You are viewing a plain text version of this content. The canonical link for it is here.
Posted to user@tika.apache.org by LAA <la...@gmail.com> on 2009/05/24 22:58:53 UTC

building a custom tika library

Hi!

I'm trying to use Tika in my Eclipse RCP application which has a Lucene
search implemented.
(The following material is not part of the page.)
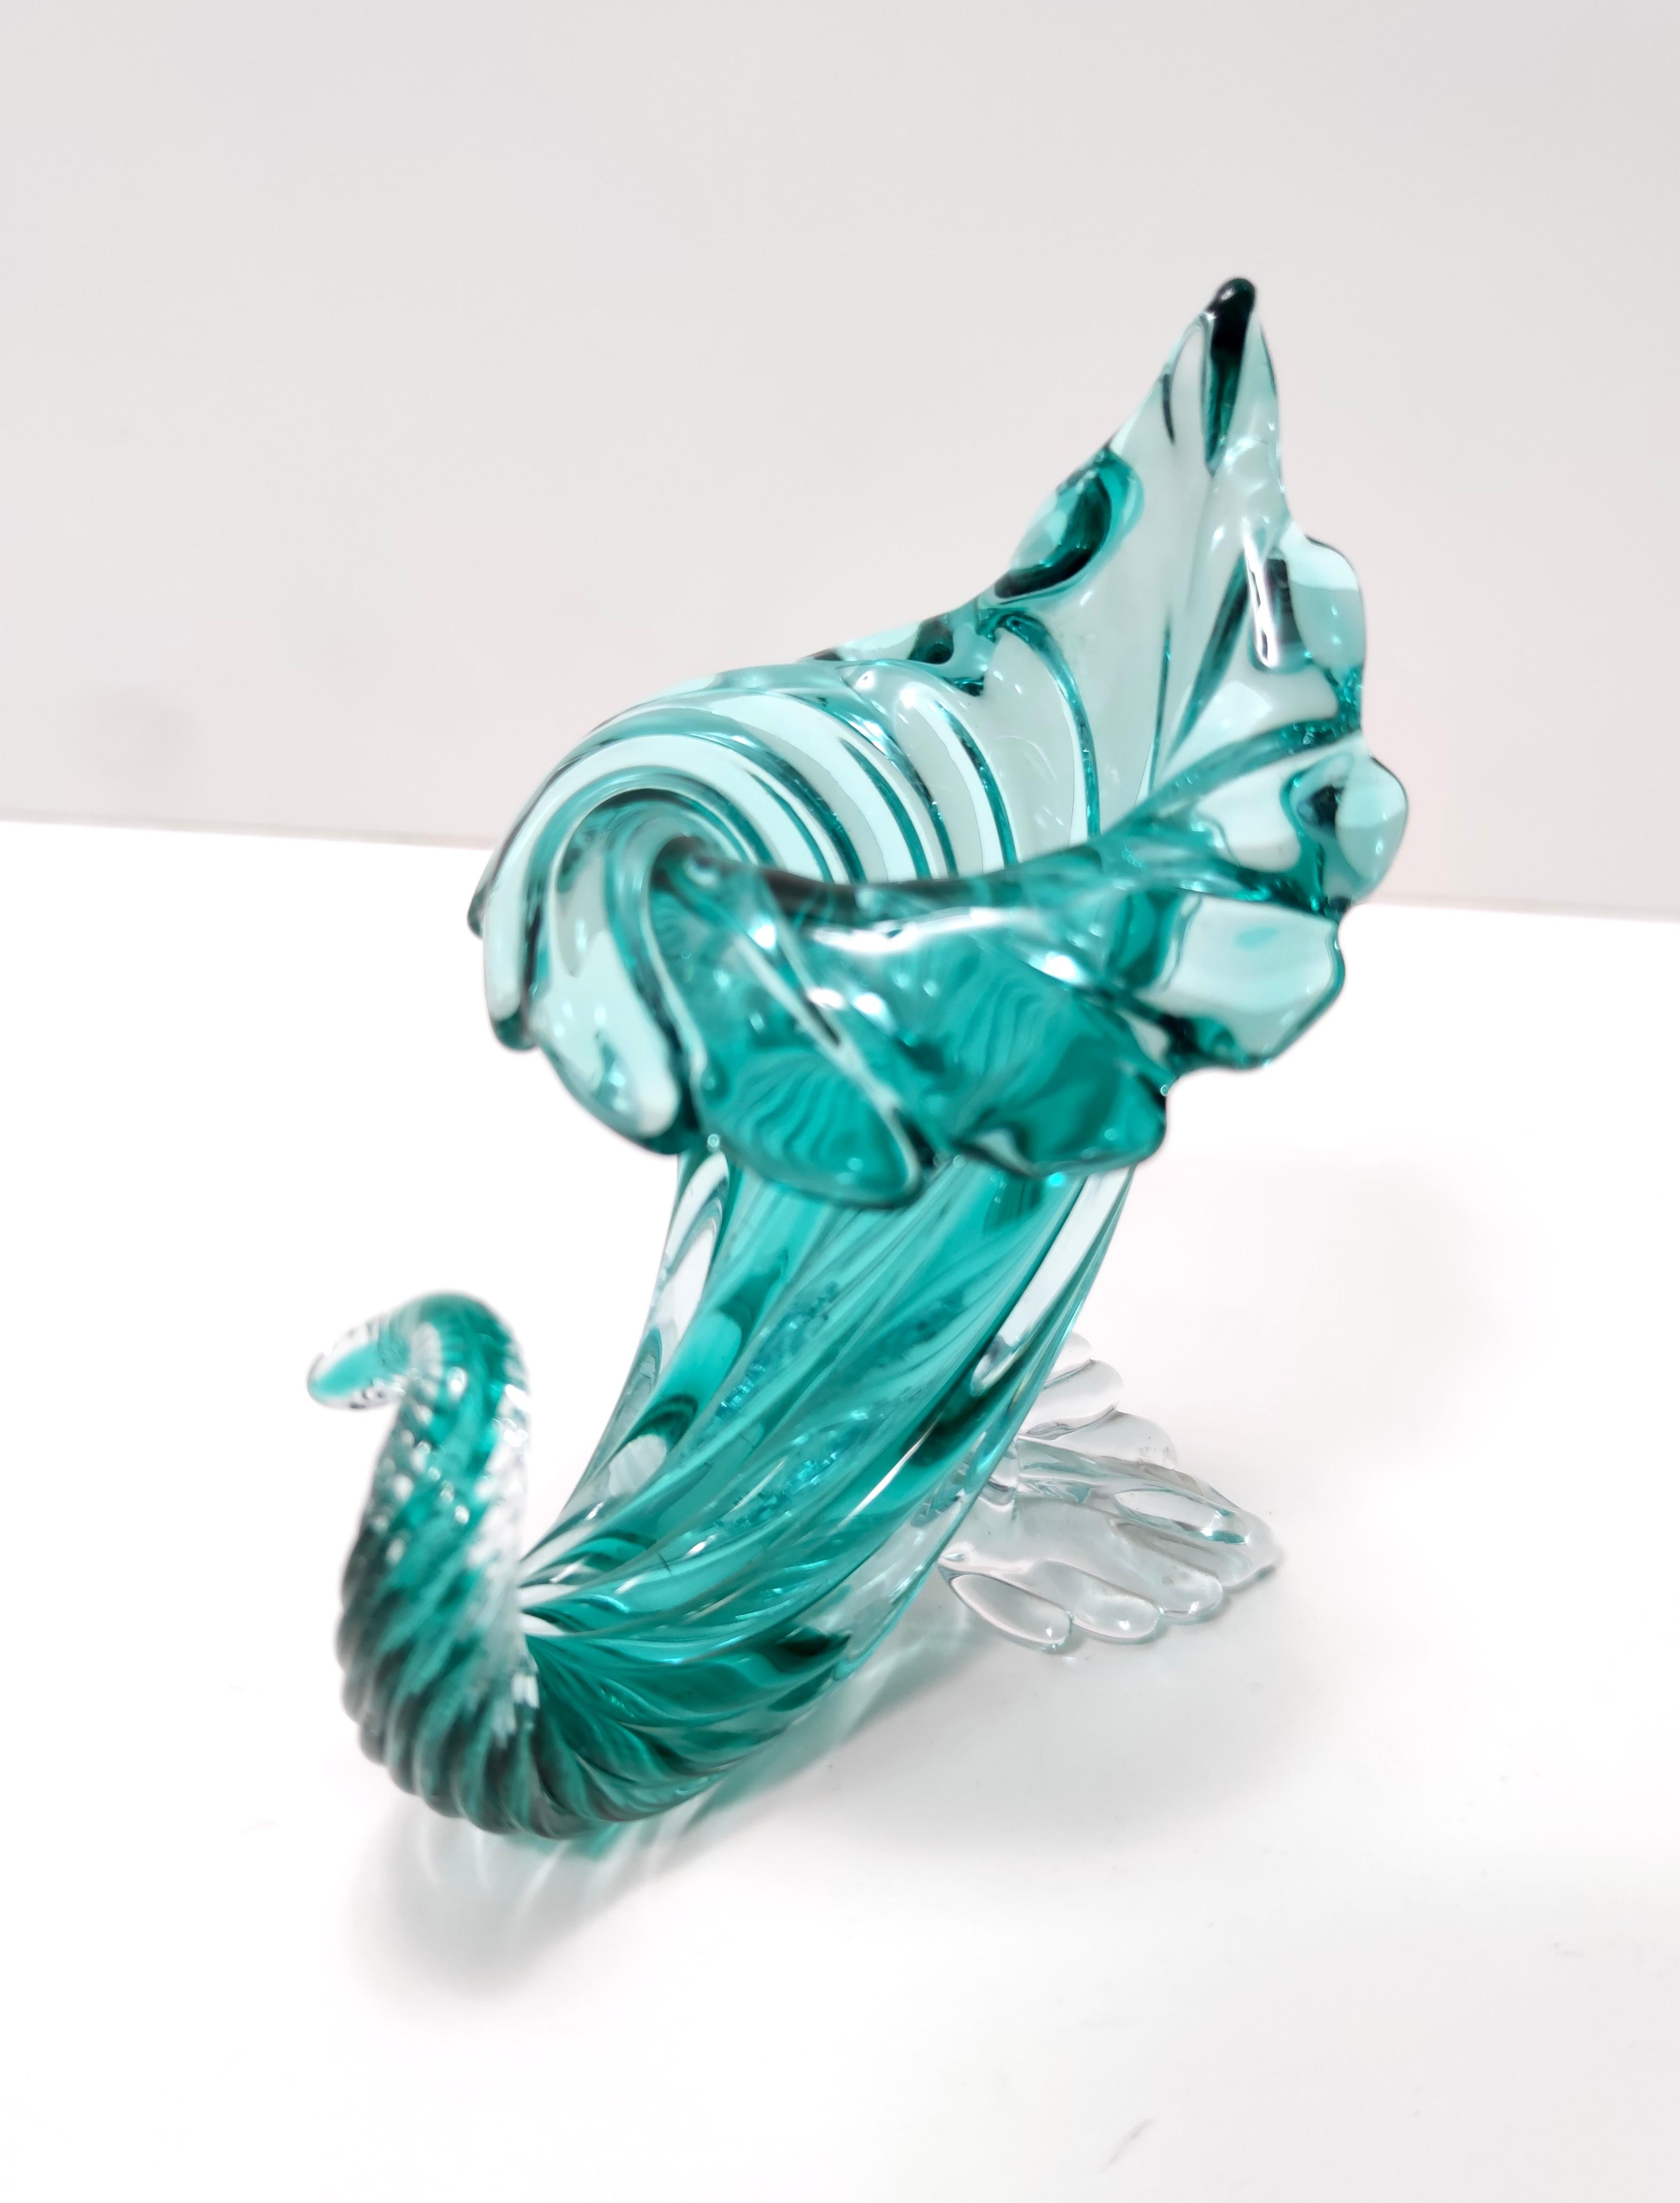 Vintage Teal Murano Glass Cornucopia Vase by Archimede Seguso, Italy For Sale 3

I am using the tika 0.3-standalone.jar, built using the
default maven build in the download from apache.org
I encounter a problem when I run the code:
{.....
                    ContentHandler textHandler = new BodyContentHandler();
                    Metadata metadata = new Metadata();
                    metadata.add(Metadata.RESOURCE_NAME_KEY, f.getName());
                    AutoDetectParser parser = new AutoDetectParser();

                    parser.parse(istream, textHandler, metadata); //get
error here: java.lang.LinkageError
.....}

I get an error in the parser.parse(istream, textHandler, metadata) because
my application, which is dependent on java 1.6 uses the
org.xml.sax.ContentHandler found in java 1.6, while the internals of Tika
uses the ContentHandler found in the standalone tika jar:

here's the error:

java.lang.LinkageError: loader constraint violation: when resolving method
"org.apache.tika.parser.AutoDetectParser.parse(Ljava/io/InputStream;Lorg/xml/sax/ContentHandler;Lorg/apache/tika/metadata/Metadata;)V"
the class loader (instance of
org/eclipse/osgi/internal/baseadaptor/DefaultClassLoader) of the current
class, no/telenor/services/search/logic/CreateTikaIndex, and the class
loader (instance of
org/eclipse/osgi/internal/baseadaptor/DefaultClassLoader) for resolved
class, org/apache/tika/parser/AutoDetectParser, have different Class objects
for the type org/xml/sax/ContentHandler used in the signature


Anyone know how to build tika without including the org.xml..... in the
build? is it not a little redundant to include this in the build since it is
already present in java?

hope someone can answer!

best regards!
LAA

Re: building a custom tika library

Posted by Jukka Zitting <ju...@gmail.com>.
Hi,

On Sun, May 24, 2009 at 10:58 PM, LAA <la...@gmail.com> wrote:
> Anyone know how to build tika without including the org.xml..... in the
> build? is it not a little redundant to include this in the build since it is
> already present in java?

The extra XML classes are coming from the transitive xml-apis
dependency through poi-ooxml and dom4j. You could work around the
issue for now by adding an exclusion rule for xml-apis in the pom.xml
file before building the standalone jar.

Going forward, I think we should handle this better in Tika 0.4. Can
you file a Jira issue for that?

BR,

Jukka Zitting